Writing Contests—Are They Worth Entering?
An email from a literary journal, announcing an extension on their fiction contest made me wonder how many of you have entered such contests over the years. I’m referring to contests for unpublished manuscripts. To my knowledge, publishing companies submit books for awards on the author’s behalf–that was certainly the case with my book.
I know many people have thoughts on writing contests. While some people think they aren’t worth the entry fee, many think that these contests can help your career along. (Of course, this would only true if you win or final in one.)
Truthfully, I have entered very few contests over the years. I often questioned the judging process not to mention that every contest requires an entrance fee. This fee could be anywhere from $25 -$40, maybe even more. This is often the subscription price of literary magazines and you also end up with a year’s subscription. If you’re planning on subscribing to a particular magazine, then entering a contest might be well worth the money. Years ago when I was first getting my work out there, I often didn’t have the money to spend on entry fees. My kids were small and we were a one-income household. We had a mortgage. I could go on. The few contests I entered were those with very modest entry fees.
While I know some people argue the point that these contests are worth your time and money to enter, I seriously wonder how true this is. I’ve known people who have won such contests, but still had problems finding a publisher for longer works. It seems to me that publishers make their decision to publish by evaluating the submission that is before them. While having won a writing contest might look good on your bio, is a publisher going to publish your book because of some contest you won five years ago?
Here are some of my thoughts:
When we submit our work to a literary magazine it is already being judged against hundreds of other stories. I’ve had literary magazines tell me they receive 1200 + submissions in a year and publish about 30 so when one of my stories made it in their publication I felt like a winner. Whoopee! Best of all, it didn’t cost me a cent. Being in the top 30 out of over 1200 submissions wouldn’t mean I’d have won first place had it been a contest. It wouldn’t even mean I’d place. I also found that as my work improved, I’d receive valuable feedback from editors who made suggestions or told me a particular story almost made it. Let me tell you those comments were like gold.

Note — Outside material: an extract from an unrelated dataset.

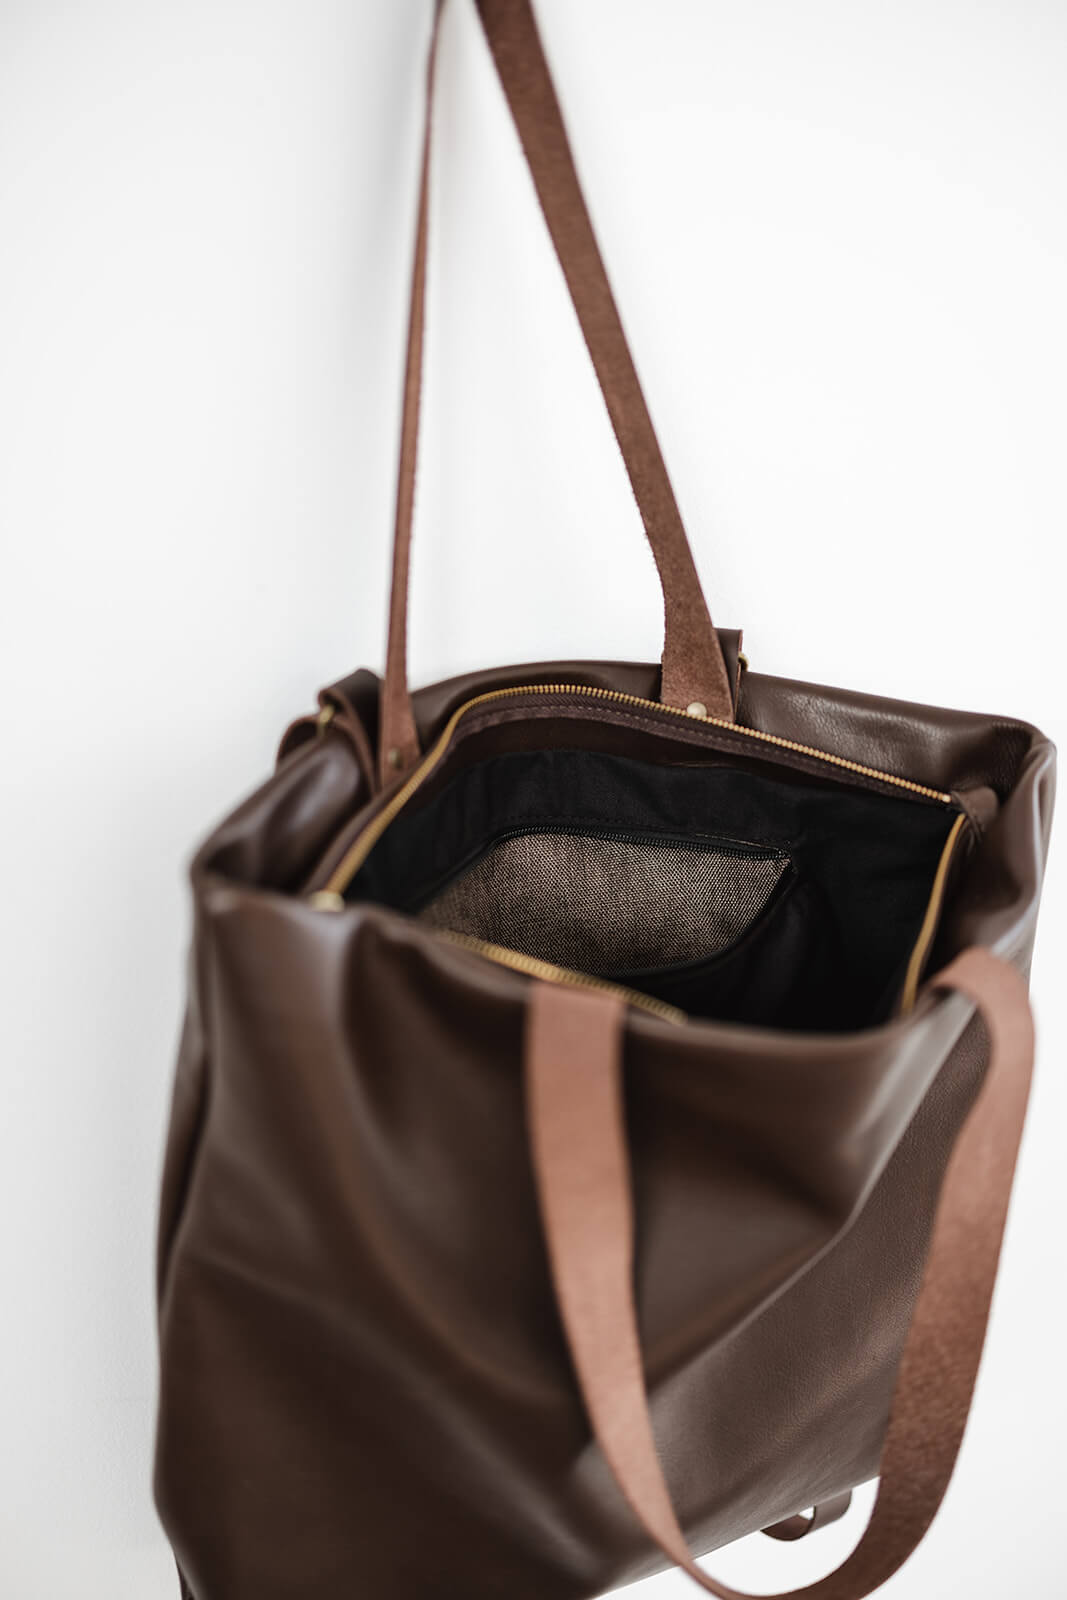 Product pic of the Ella Jackson Chocolate Brown Leather Backpack & Tote. The bag is hanging as a tote on a white background. The brown and gold zip is undone to reveal the black lining and black and white fabric of the internal pocket
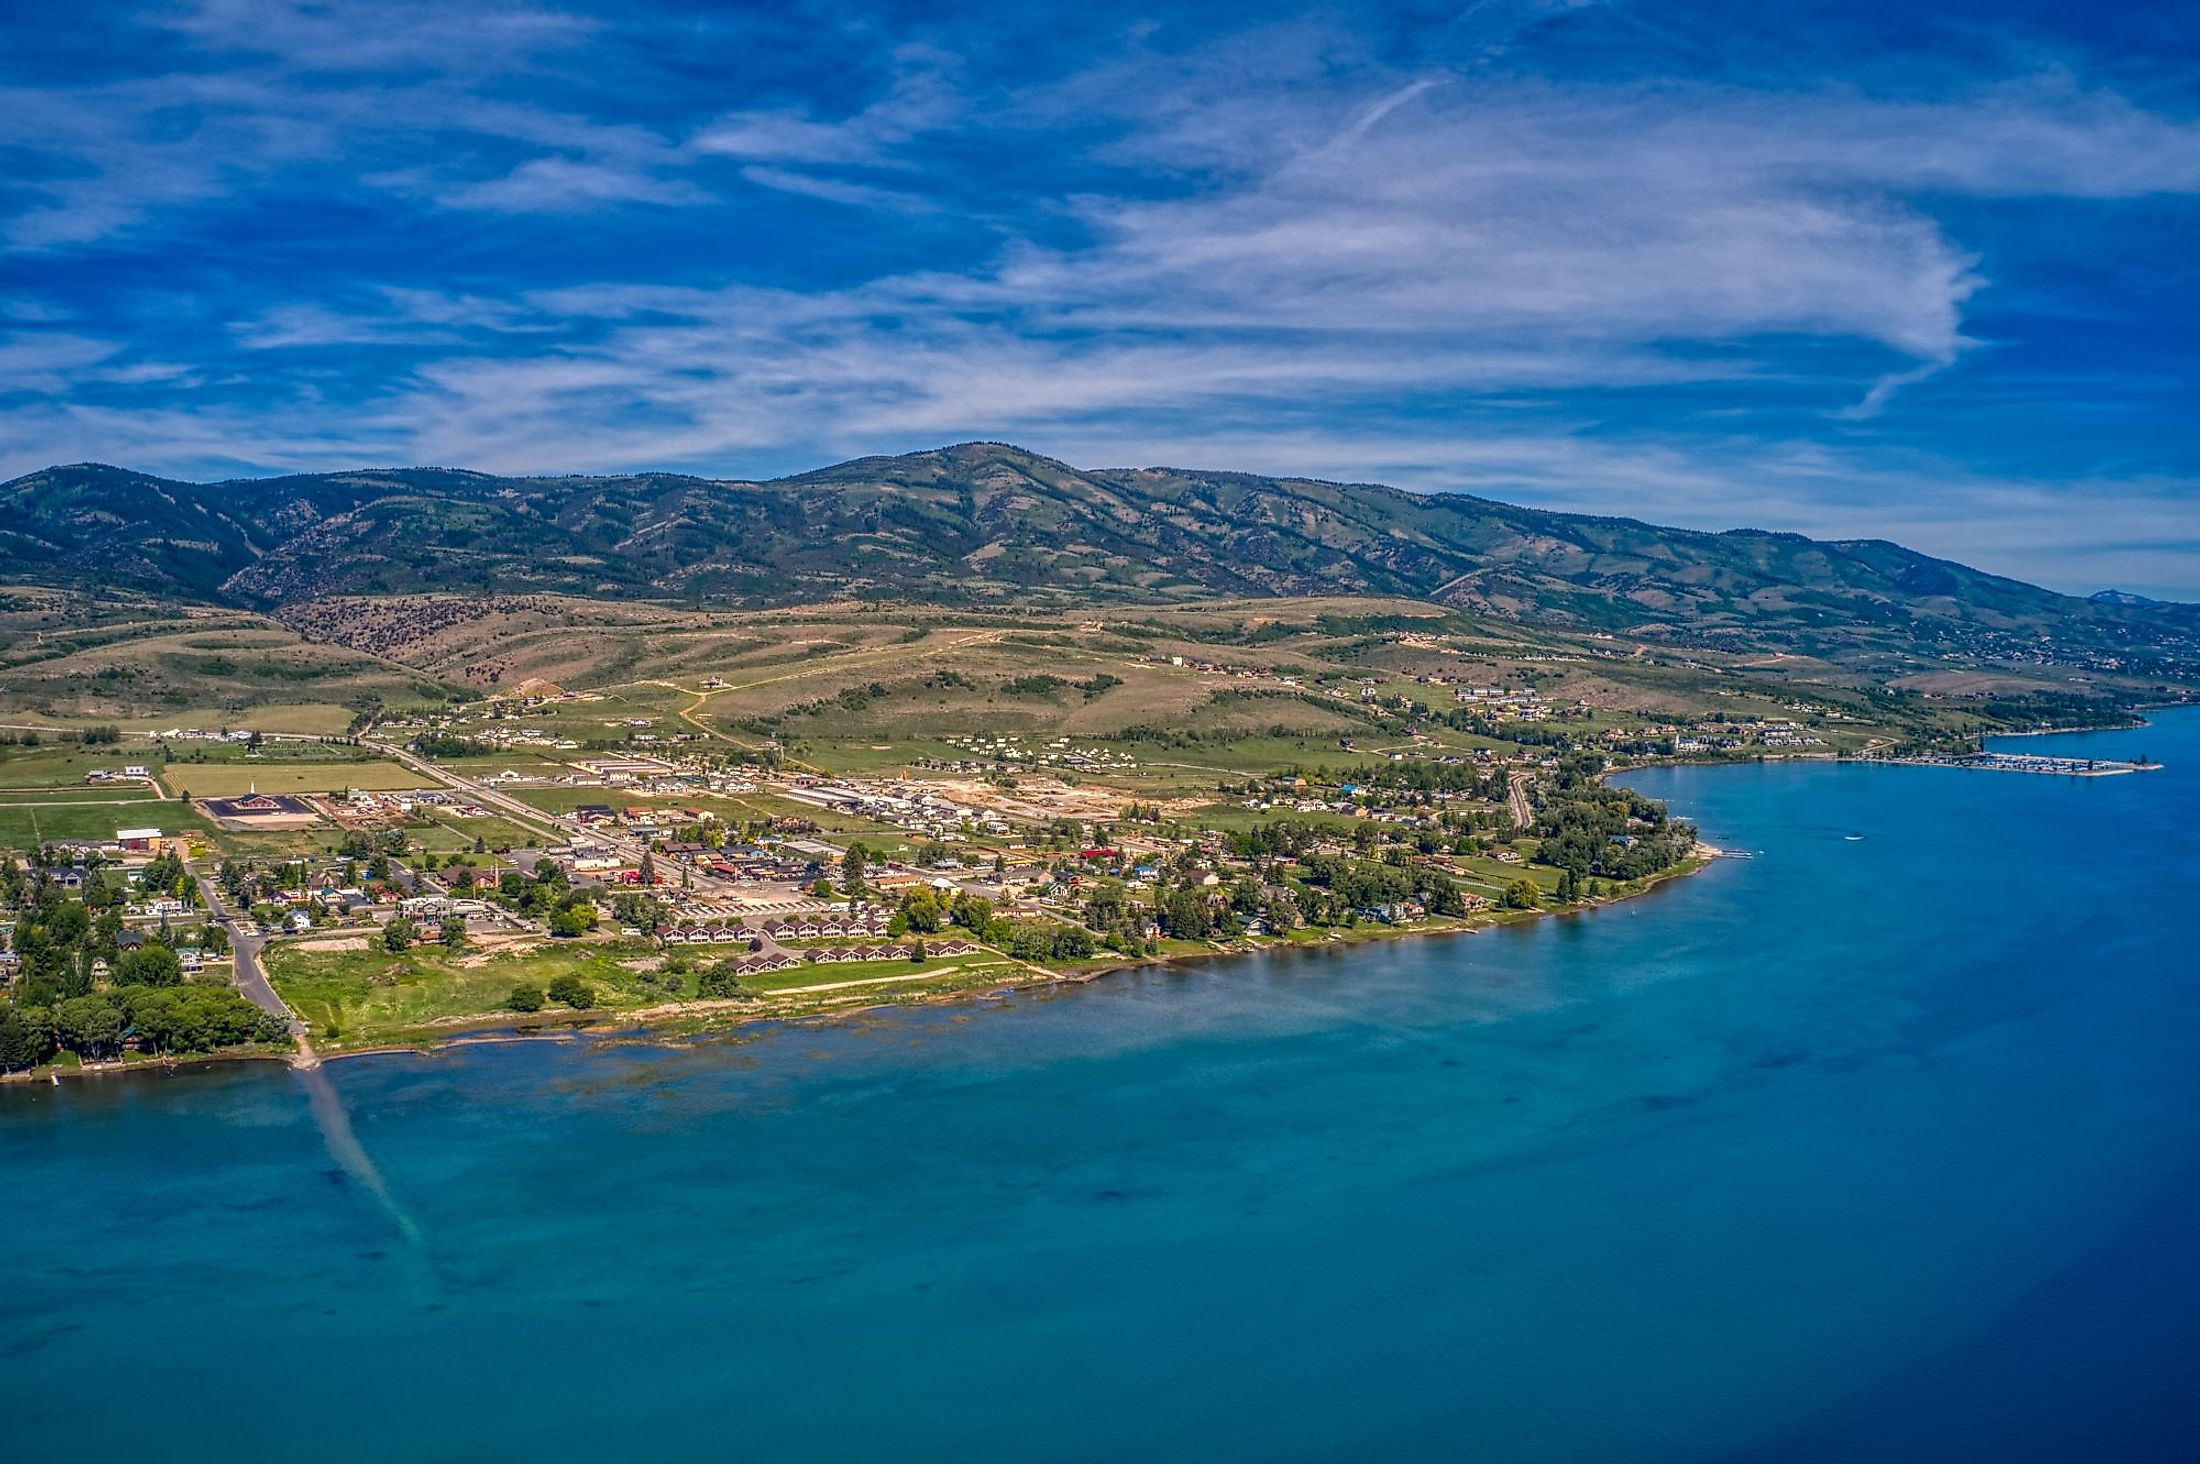 Aerial view of Garden City, Utah on the shores of Bear Lake.

For every contest there are winners and losers. Had I only submitted to contests, and never placed, I might have come to the conclusion that my writing was no good. I might have given up. So while entering contests may be something you love to do, I would caution you not to become discouraged if you don’t final. Failing to final doesn’t mean your story sucked.
Occasionally a contest will offer feedback on your work. This is something that could prove to be quite valuable. Let’s be honest, feedback from our friends isn’t always helpful since our friend’s judgement could be clouded. (I’m sure my mom would love every bit of drivel I wrote, regardless of how bad it might be.) If you’re looking for feedback, and a particular contests offers this, then it may be worth entering. Truthfully, the contests I entered over the years didn’t offer any feedback. So make sure you understand if feedback is being offered if that’s what you want.
What are your thoughts on writing contests, are they a good idea or a waste of time and money? Do you regularly enter them? Have you entered them in the past?